Mr. Harvey said that the company under receivership has been unable to effectively treat massive amounts of contaminated water. The two legacy storage ponds are nearing capacity, he said, citing as evidence conversations with multiple existing employees. With wet weather expected in October, the chances of the ponds overflowing appear high, he said.

“Unless you start treating it, it’s going to overflow.”

Before the receivership, the Yukon government had also demanded the company build a $15-million safety berm within a tight window. Former Victoria Gold chief executive John McConnell told The Globe last month that the company didn’t proceed with the berm construction because the design and engineering behind it weren’t sound.

Mr. Harvey reviewed the berm plans the Yukon government had in mind and concluded they were amateurish.

“They sent over a design, which was just like a 3-D shape with no thought put into to it, and they’re like, ‘Hey, build this.’”

After the company went into receivership, the Yukon government said that plans for the berm construction were proceeding, but a month later it remains unfinished.

“This isn’t just about missed deadlines; it’s about a blatant double standard and changing goalposts,” said Mr.

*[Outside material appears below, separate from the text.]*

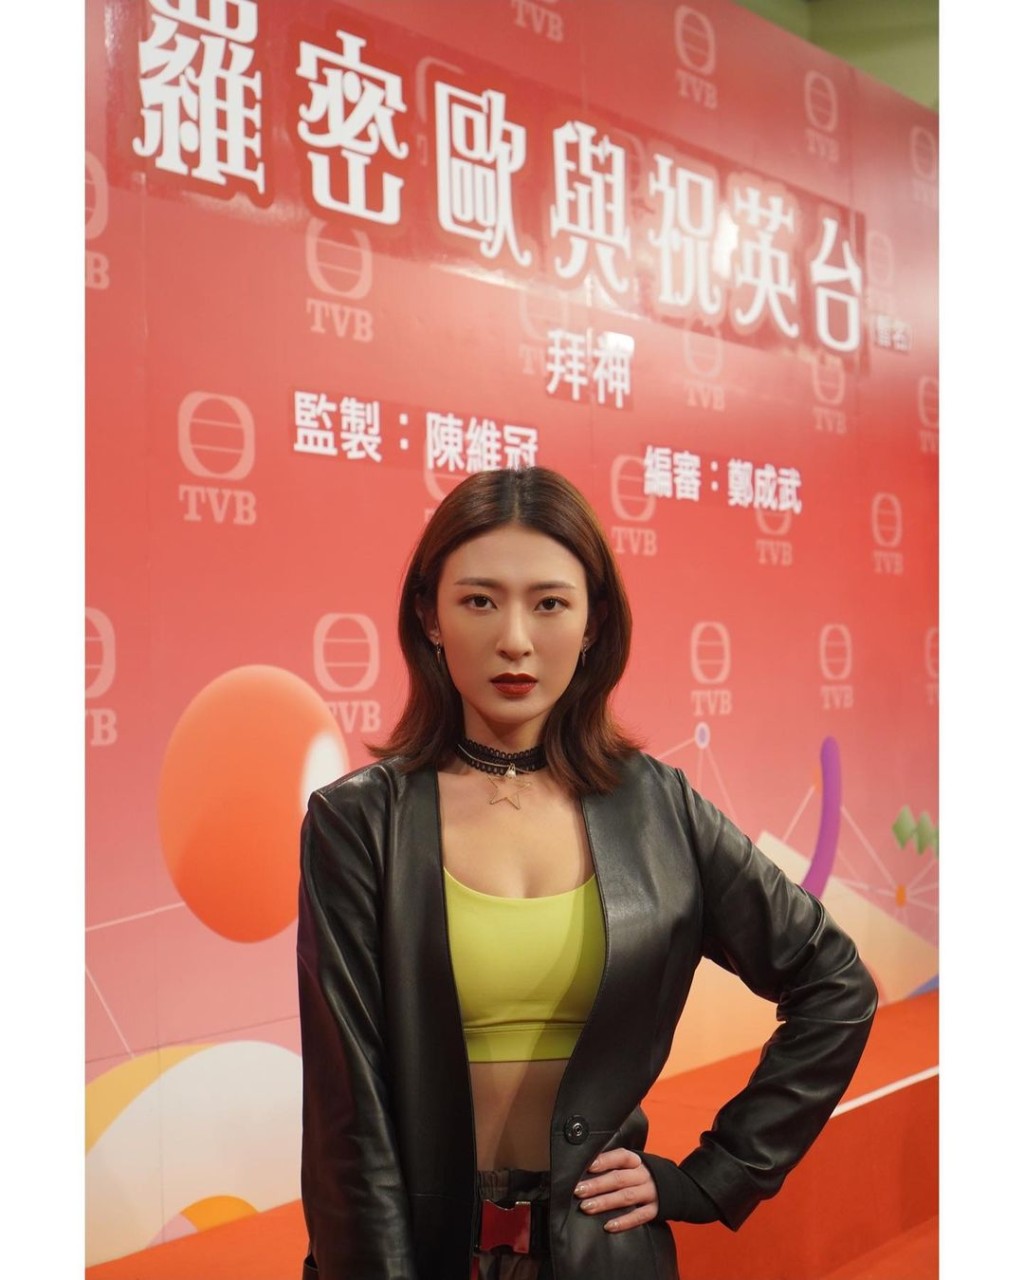 李君妍2009年毕业于第24期无綫电视艺员训练班，直到2011年因TVB招募武打演员，她曾接触过南拳，获机会参与武术选秀节目《功夫新星》。李君妍热爱运动身材一直相当fit，自从参演《心理追凶 Mind Hunter》后开始为人所知，2018年更获TVB转签经理人合约，其后参演过《她她她的少女时代》饰演健身室教练Icy更获网民大赞！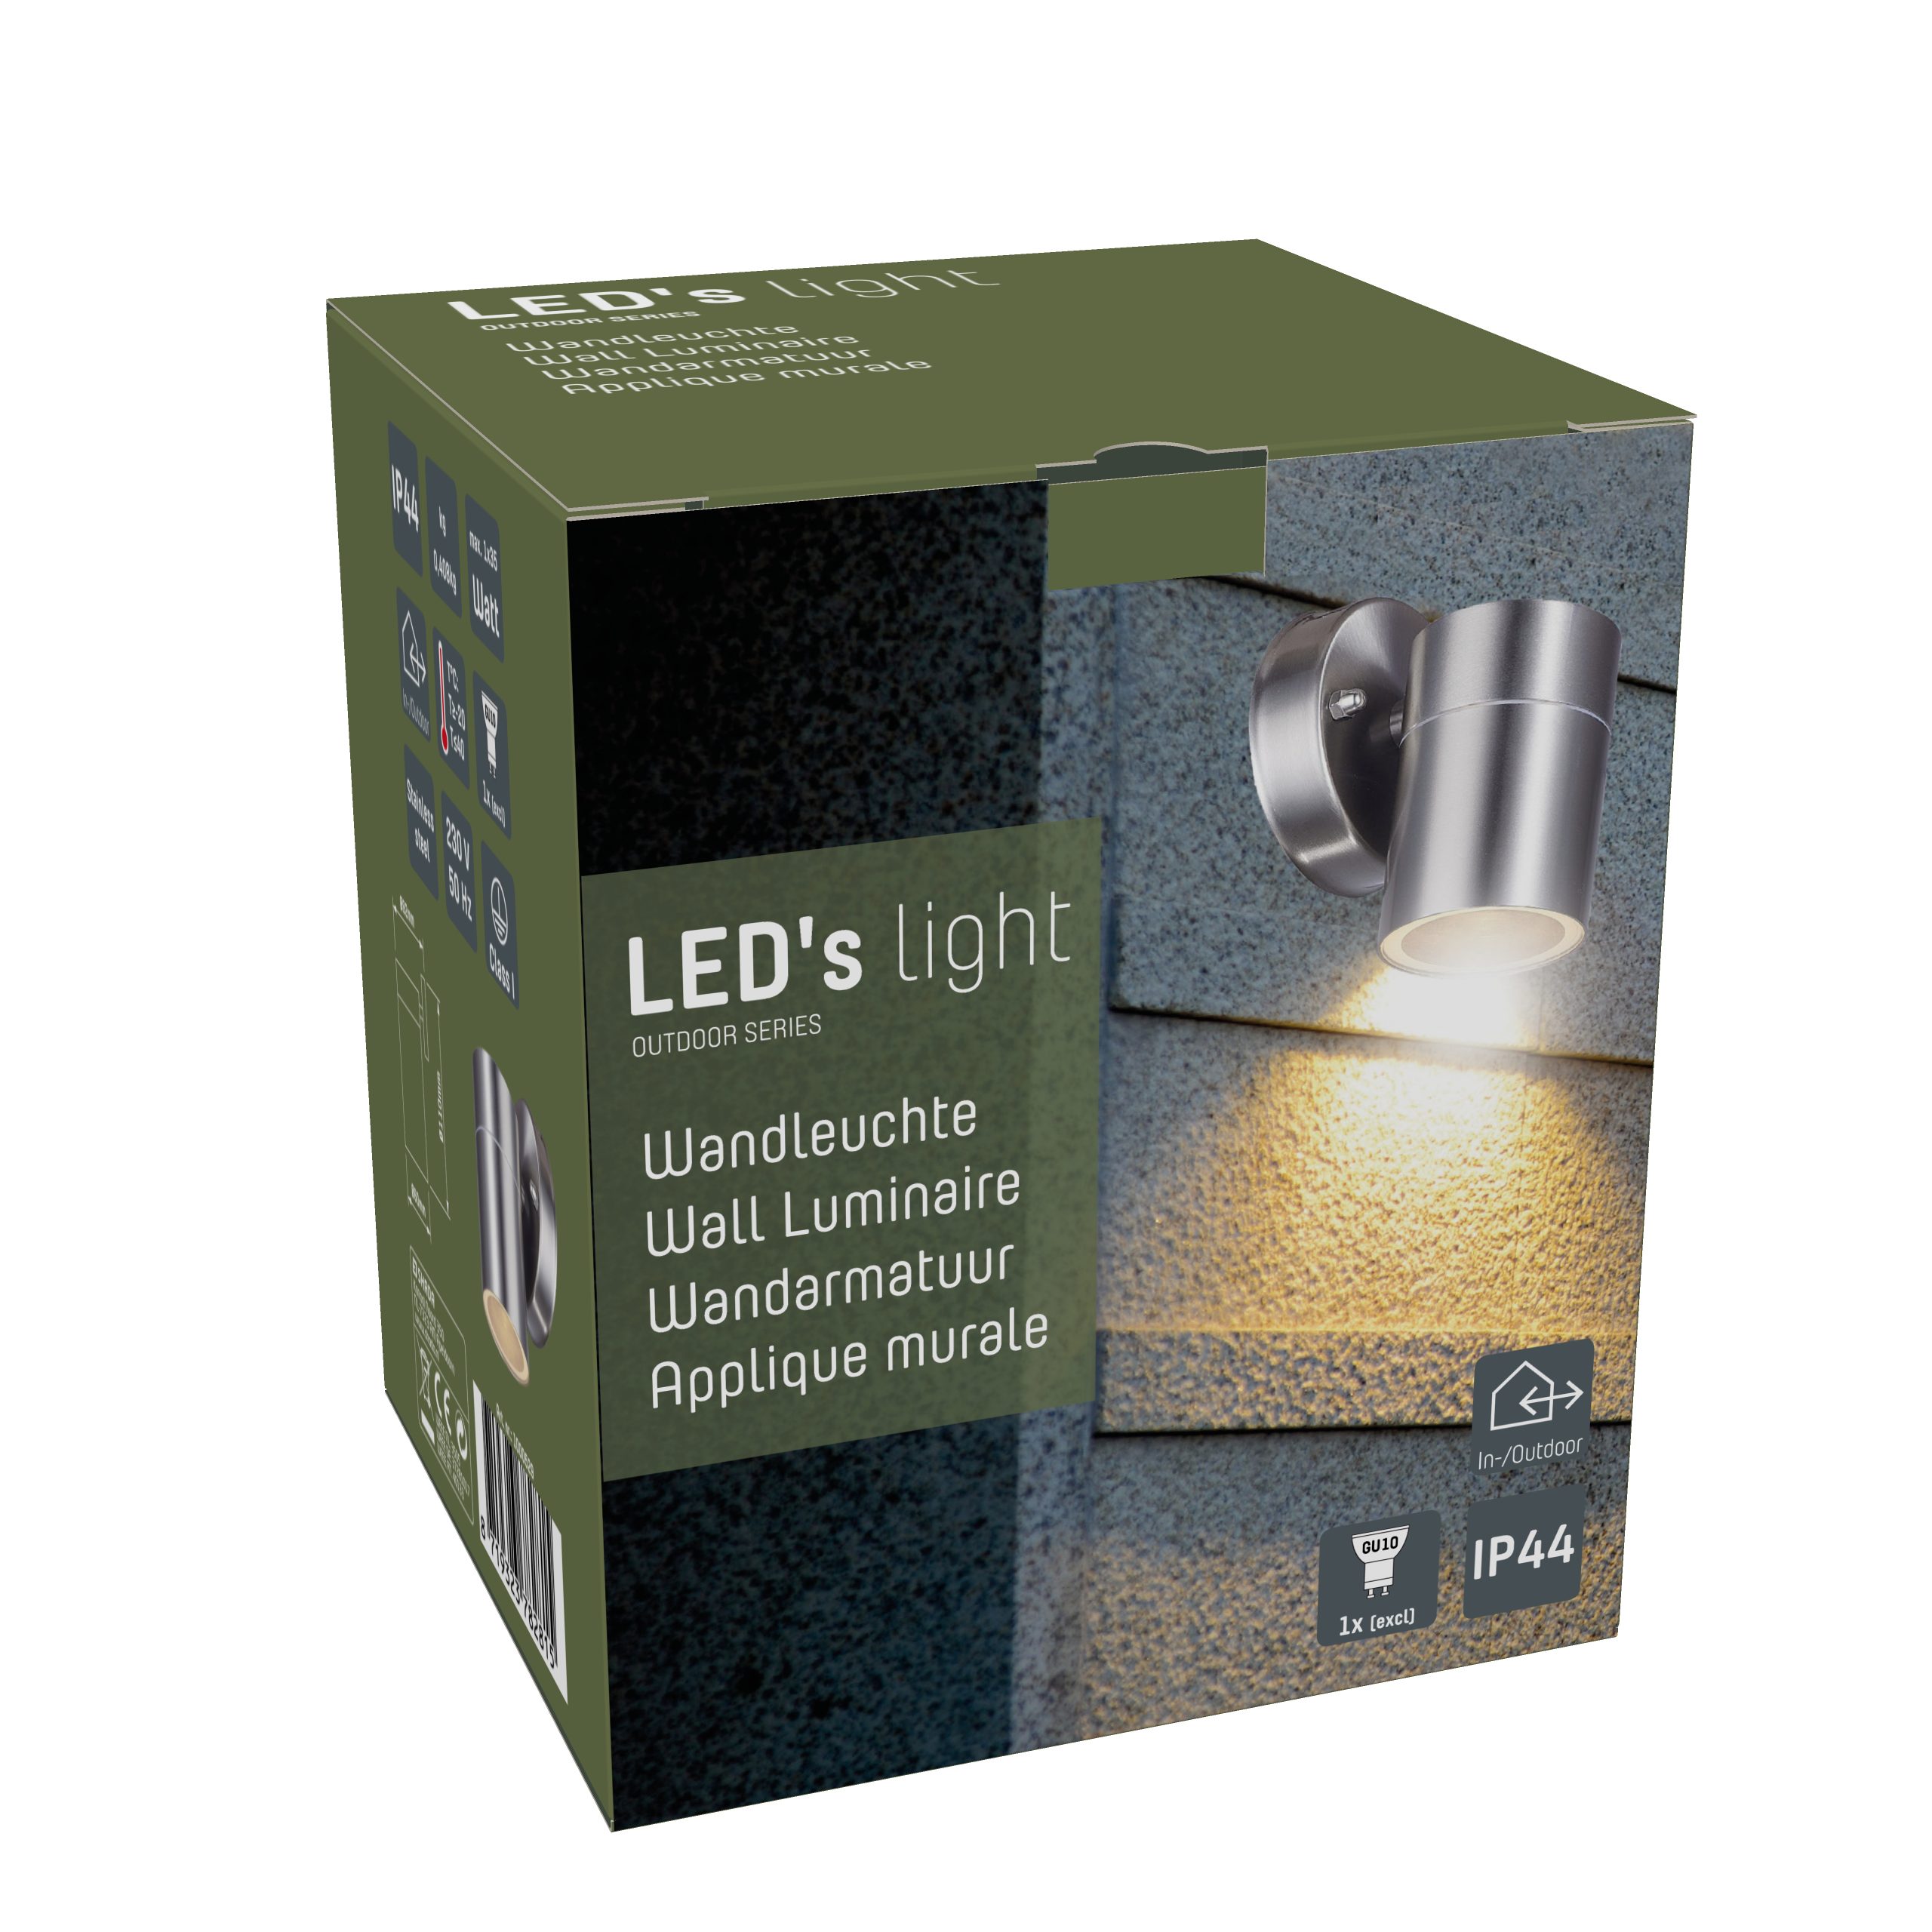 35W für GU10 Außen-Wandleuchte, LED, Halogen LED bis 1x Außen-Wandleuchte Edelstahl IP44 LED's LED light 1000529 und

Harvey.

The Globe sent a detailed account of various allegations made by Mr. Harvey to the Yukon government for comment. In an e-mail to The Globe, John Thompson, a spokesperson for the government, did not address the specific allegations, but said that “protecting the environment and ensuring the safety of Yukoners” remains its top priority.

Mr. Thompson added that, since receivership, progress has been made on directives previously issued by the government to Victoria Gold, and that the government’s compliance, monitoring and inspections branch is conducting regular inspections at the mine.

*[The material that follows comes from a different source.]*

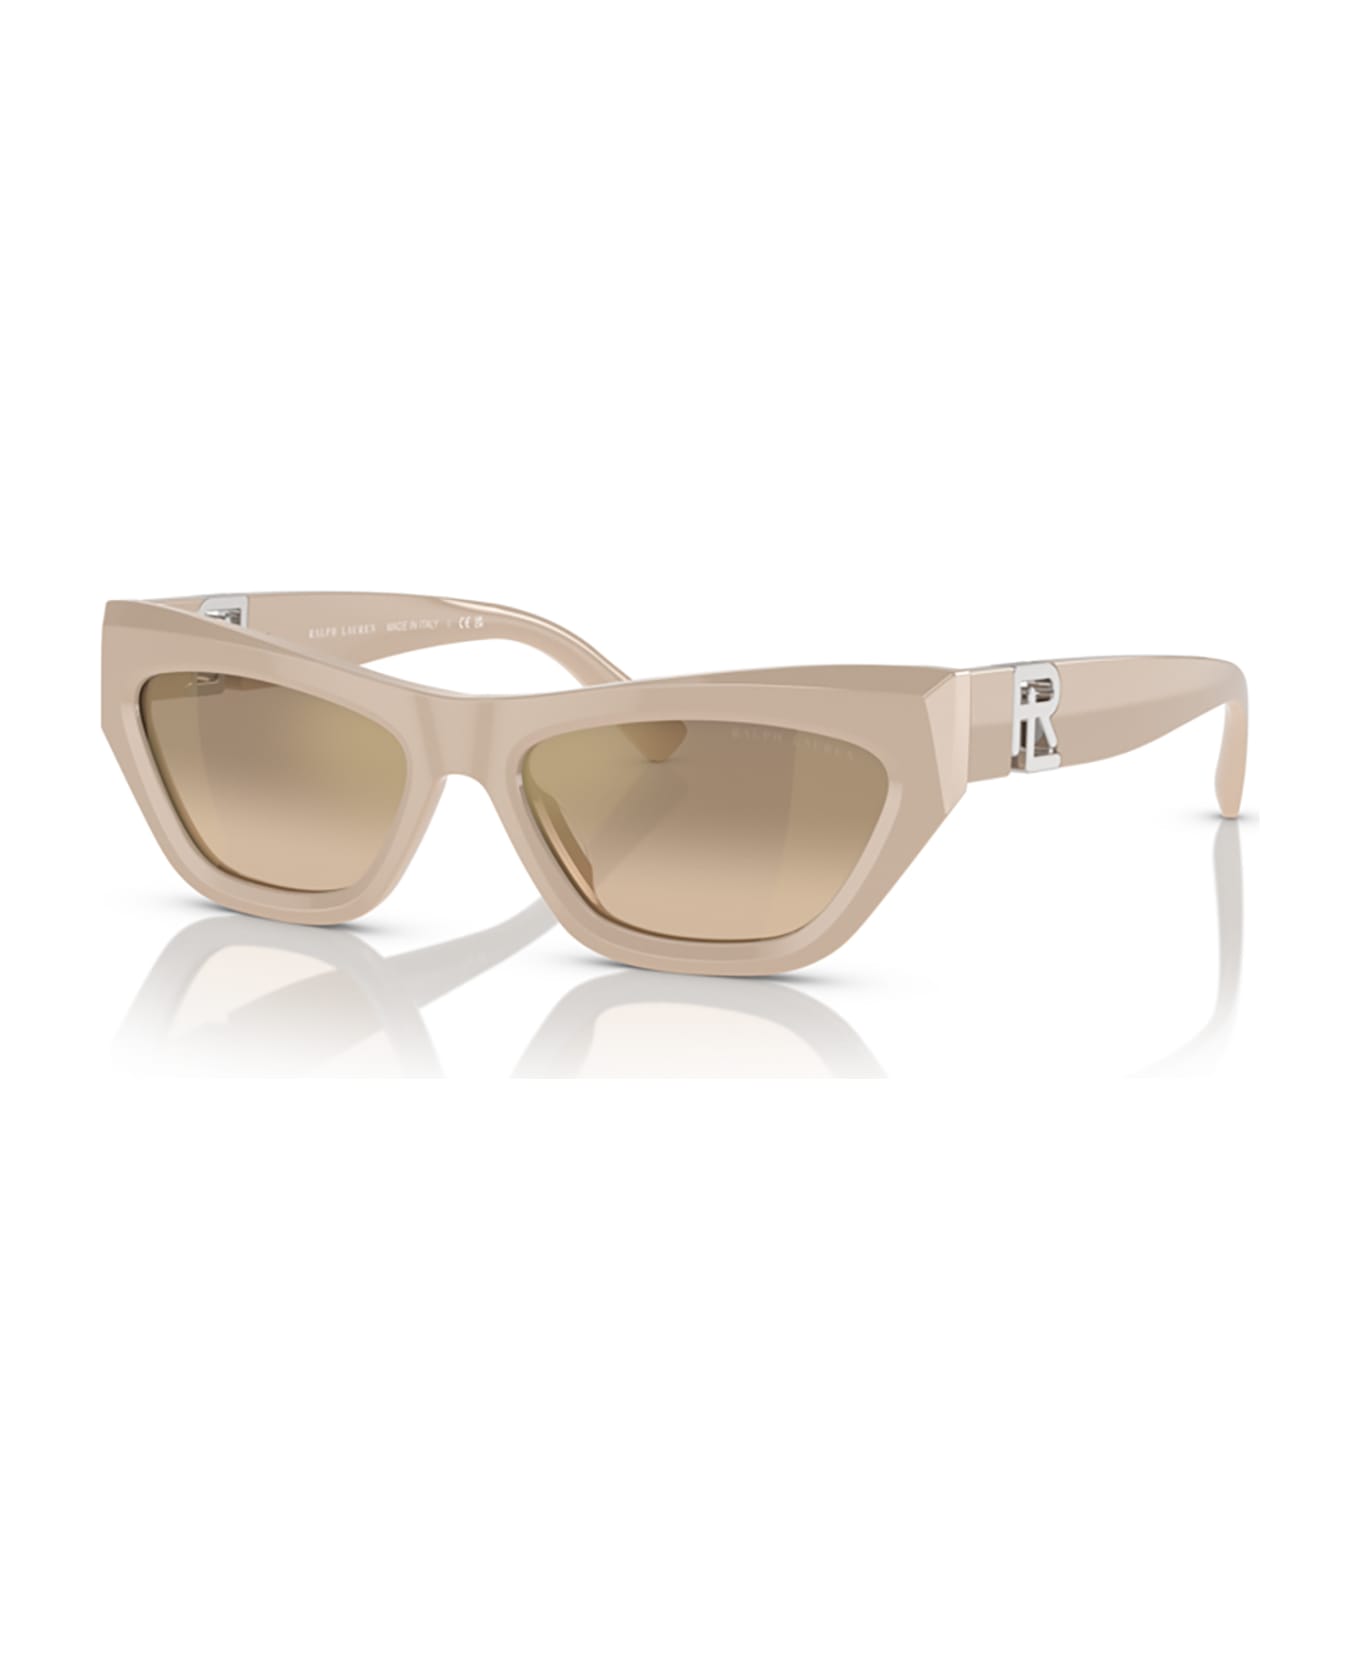 Ralph Lauren Rl8218u Solid Beige Sunglasses - Solid Beige

Anuja Kale-Agarwal, national communications director with PwC, in an e-mail to The Globe, said the firm doesn’t comment publicly on active receivership proceedings.

Eagle is located about 375 kilometres north of Whitehorse and 85 kilometres north of the village of Mayo, on the traditional territory of the First Nation of Na-Cho Nyak Dun.

The cost to clean up the contamination and remediate the site has been pegged at up to $150-million by the Yukon government and projected to last into next year. Yukon government officials have said they expect to fund the cleanup in part by from $103.7-million in surety bonds the company previously deposited with the territorial government.

Victoria Gold collapsed owing US$173-million to secured creditors, including a syndicate of Canadian banks, and a further $82.7-million to unsecured creditors, according to PwC. The company held only $24-million in cash as of the end of June. The book value of the company’s assets, which includes the mine itself, associated infrastructure and inventory, was estimated at $824-million.